The Taliban’s keenness to be viewed as a united organization is in sharp contrast with the reality of the Afghan government. On February 26, Afghan President Ashraf Ghani postponed his inauguration till March 9. Originally scheduled for February 27, the inauguration was postponed amid his bitter dispute with Afghan Chief Executive Abdullah Abdullah, who didn’t accept the Afghan election commission’s final result naming Ghani as the winner.
Instead, Abdullah declared his victory and began to create his own administration by appointing governors. The dispute deterred most of Afghanistan’s allies and neighbors from celebrating the election results. Many called for caution and unity.
“Moving forward, we call on the new government to be inclusive and reflect the aspirations of all Afghans,” U.S. State Department spokeswoman Morgan Ortagus said in a February 25 statement that came a week after the Afghan election commission announced the final result on February 18.
SEE ALSO: Afghans Celebrate Partial Truce In Frontline ProvincesWhile Ortagus called for concerns about the election results to be handled “in accordance with constitutional and legal procedures,” the statement also warned against creating a parallel government. “They should also desist from destabilizing actions, including purported efforts to establish parallel government structures inconsistent with the constitution and rule of law,” she noted. “Such moves call into question the country’s sovereignty and unity that the United States strongly supports.”
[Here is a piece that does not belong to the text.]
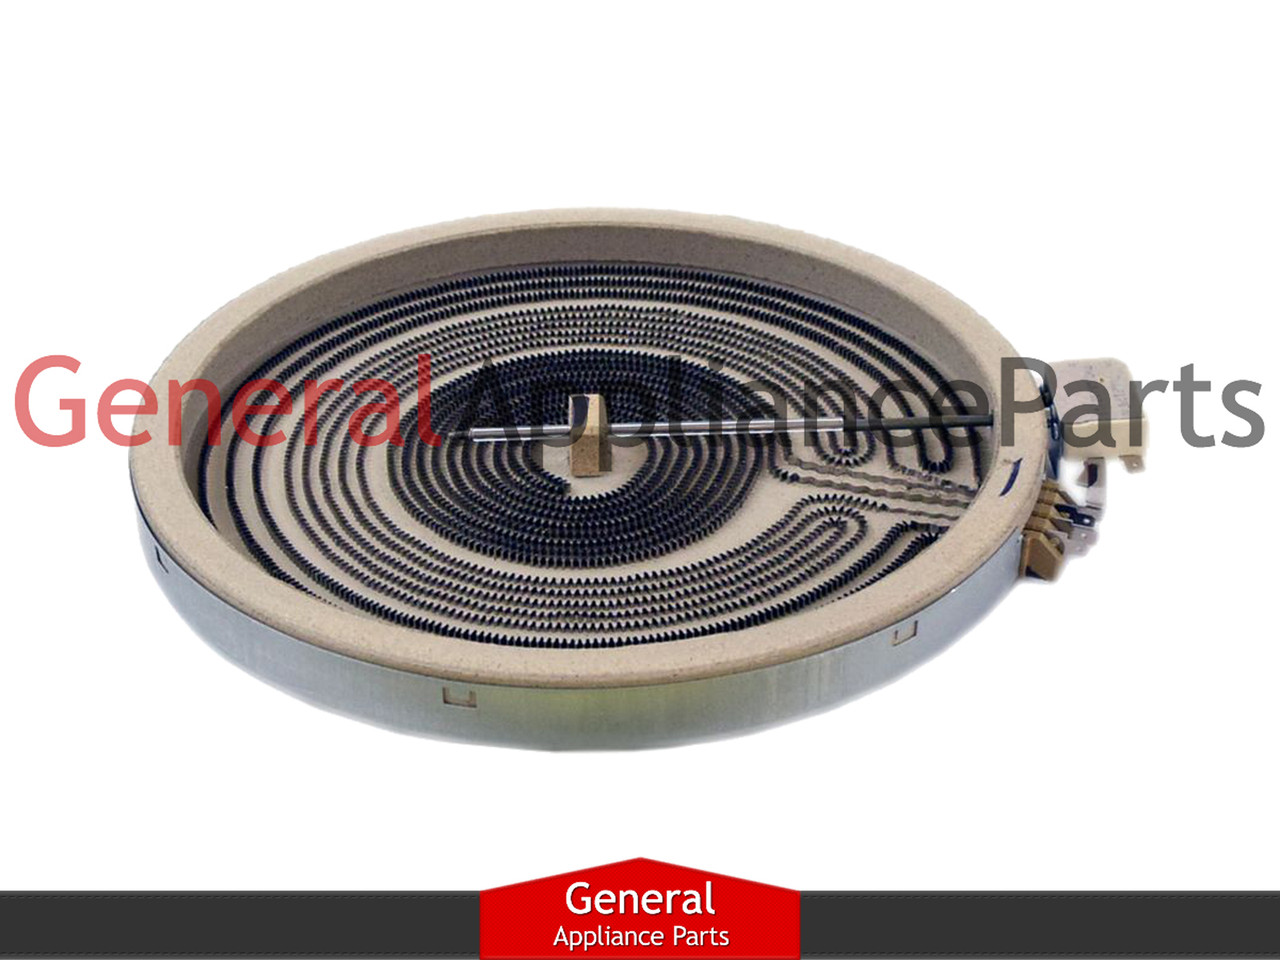 GE Replacement Stove Range Oven Radiant Heating Element WB30X24111 AP5989975

Ortagus clearly outlined Washington’s top priority in Afghanistan. “It is time to focus not on electoral politics, but on taking steps toward a lasting peace, ending the war with the Taliban, and finding a formula for a political settlement,” she said, adding that a final resolution “can serve the interests of all of this country’s citizens through intra-Afghan negotiations we expect will begin in March.”
Like its numerous arbitration efforts among Afghan political elites, Washington is likely to broker some kind of power-sharing among Afghan politicians. But they will need greater unity among their ranks to preserve the republican political system that has given them a piece of the pie in the new Afghan state that emerged after the demise of the Taliban regime in late 2001.
Recent Afghan history has clearly not favored bickering leaders.
Afghanistan’s civil war originally erupted between the Khalq and Parcham factions of the communist Peoples Democratic Party of Afghanistan soon after the pro-Khalq army officers grabbed power in the April 1978 coup. Their infighting prompted the Soviet invasion in December 1979 and ultimately contributed to their downfall in April 1992.
Their mujahedin nemesis suffered from more disunity. A fratricidal civil war among more than a dozen mujahedin factions in the 1990s paved the way for the emergence of the Taliban as a counterforce keen on ending the anarchy created by the infighting.
Today, Afghanistan’s security forces, civil administration, and a robust civil society appear to be on the right trajectory toward greater stability and prosperity for the country’s more than 30 million people.
But disunity among Kabul elites, mostly comprising former mujahedin leaders, western technocrats, and royalist tribal leaders, will make it difficult to leverage key concessions from the Taliban in complex negotiations.